Technically, Ford is currently in a well-defined uptrend. The stock has been in a solid uptrend since the last quarter. The stock achieved the coveted golden cross where the 50-day sma crosses above the 200-day sma. The stock just successfully tested support at the bottom of the uptrend channel.
Ford's issues are in Europe. Nevertheless, they have been working on right sizing European operations for the last few quarters. The probabilities of a rebound in the US housing market coupled with the fact that cars on the road are about 11 years should provide a significant catalyst for the stock. In my last missive regarding the stock I stated to wait for confirmation of support. This has occurred. I like the stock here.
General Electric Company (NYSE:GE)
GE is up 12.01% year to date. The company is trading 2% below its 52-week high and has 7% potential upside based on the consensus mean target price of $25.07 for the company. GE was trading Wednesday at $23.39, up slightly for the day.
Fundamentally, GE looks undervalued. GE's forward P/E is 12.61. GE's quarter-over-quarter EPS and sales growth rates are 10% and 4%, respectively. GE's net profit margin is 10.11%. GE has a dividend with a yield of 3.26%.
Technically, GE has been in an uptrend since bouncing off a low of $18 in June. Recently, the stock has broken out to the upside after testing the 200-day sma twice in the last quarter. Currently the stock is consolidating just above the 20-day sma.

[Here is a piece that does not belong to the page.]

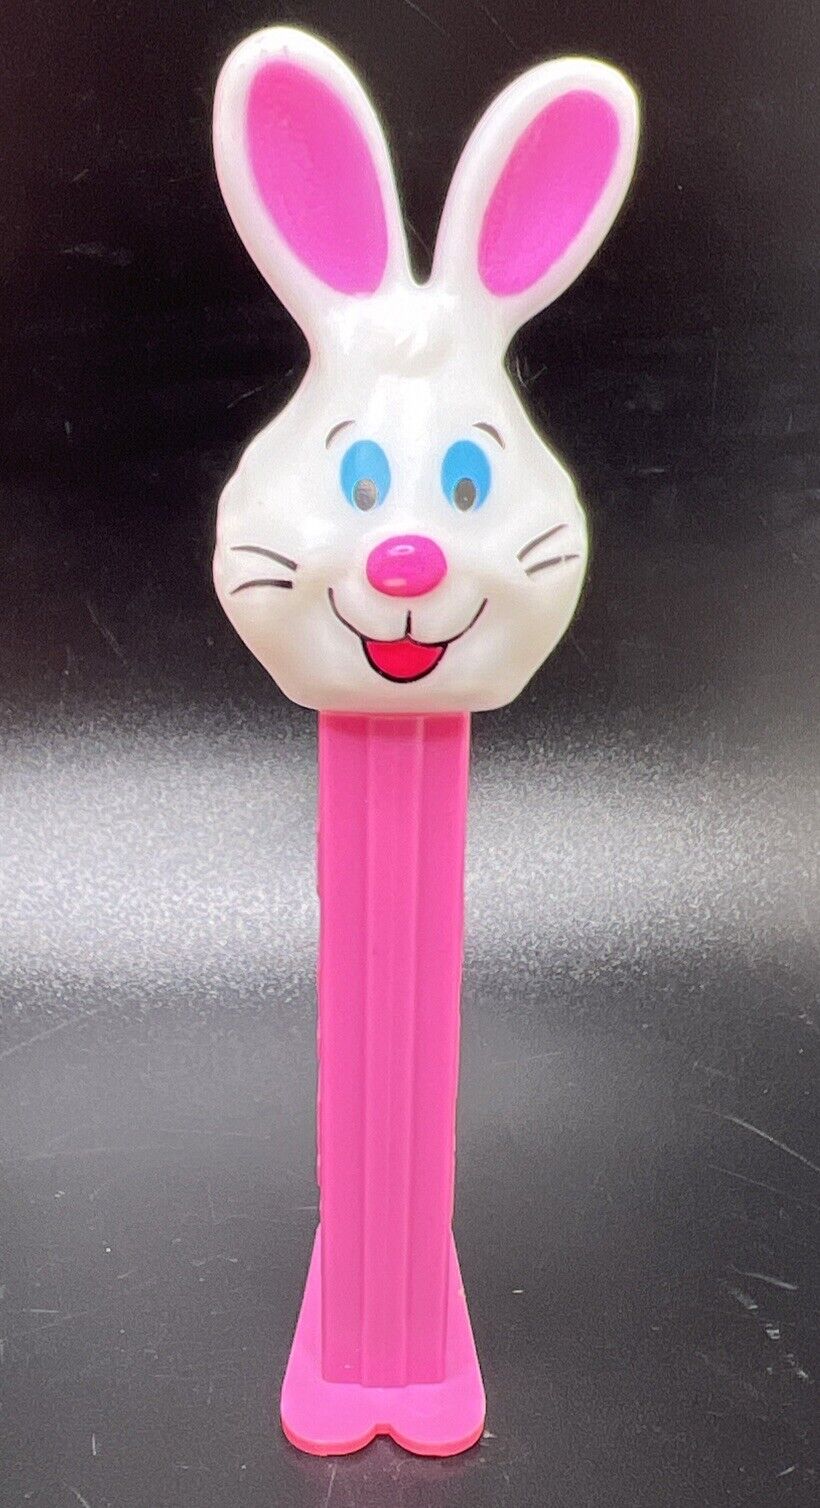 PEZ Dispenser Easter Bunny Rabbit Vintage 1998 Pink White Slovenia Candy Holiday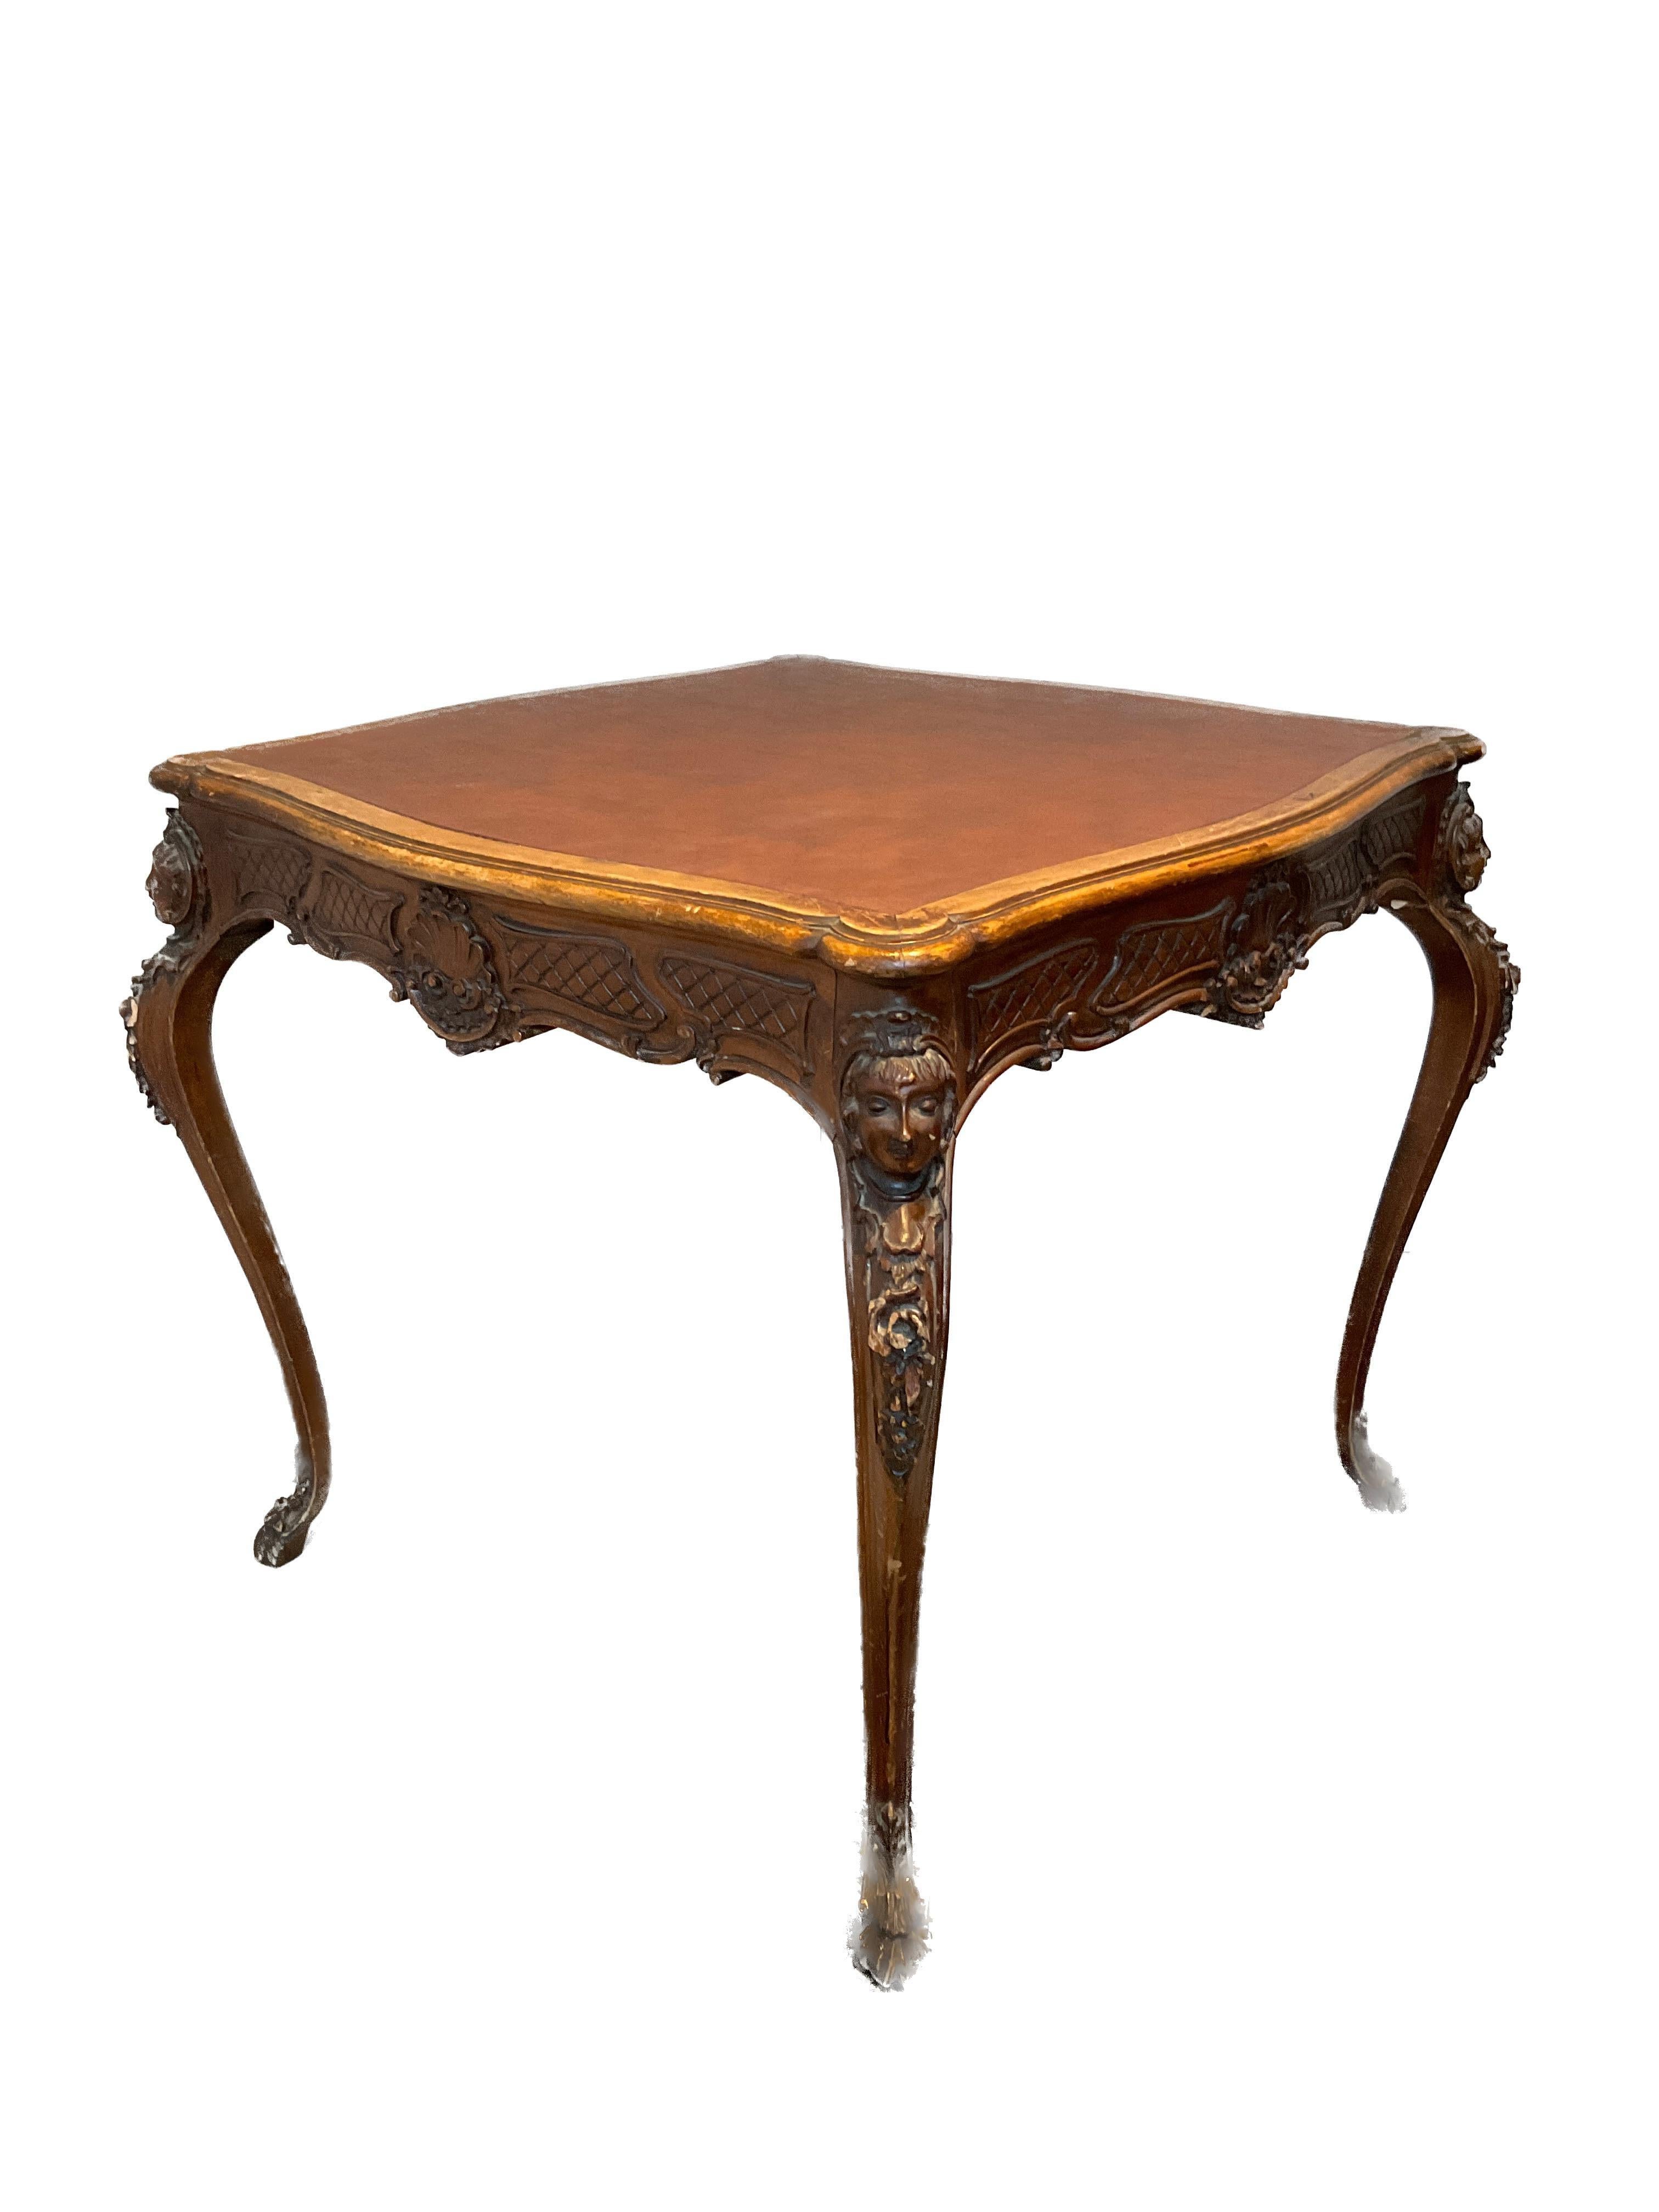 1950s Italian Carved Wood Rococo Game Table In Good Condition For Sale In Tarrytown, NY

GE looks poised to take advantage of an upturn in growth in the emerging markets. GE raised its authorized stock buyback to $35 billion and plans to buy back $10 billion worth of shares in 2013. I like the stock here, yet would definitely layer into any position.
The Bottom Line
I posit these stocks present excellent buying opportunities. Nonetheless, markets incessantly gyrate, the only constant is the fact that they always go up over the long haul. Look to buy on dips. These are long-term investments. The risk reward ratio for a long position in these stocks is currently favorable. There will be more volatility in the market going forward though. Remember, we are sitting at five-year highs.
If you choose to start a position in any stock, I suggest layering in a quarter at a time at a minimum to reduce risk and always have a well-balanced diversified portfolio. Furthermore, this is only a starting point for your own due diligence. Never forget, you need to determine for yourself if these dogs can hunt.
Additional disclosure: This is not an endorsement to buy or sell securities. Investing in securities carries with it very high risks. The information contained within this article is for informational purposes only and is subject to change at any time. Do your own due diligence and consult with a licensed professional before making any investment.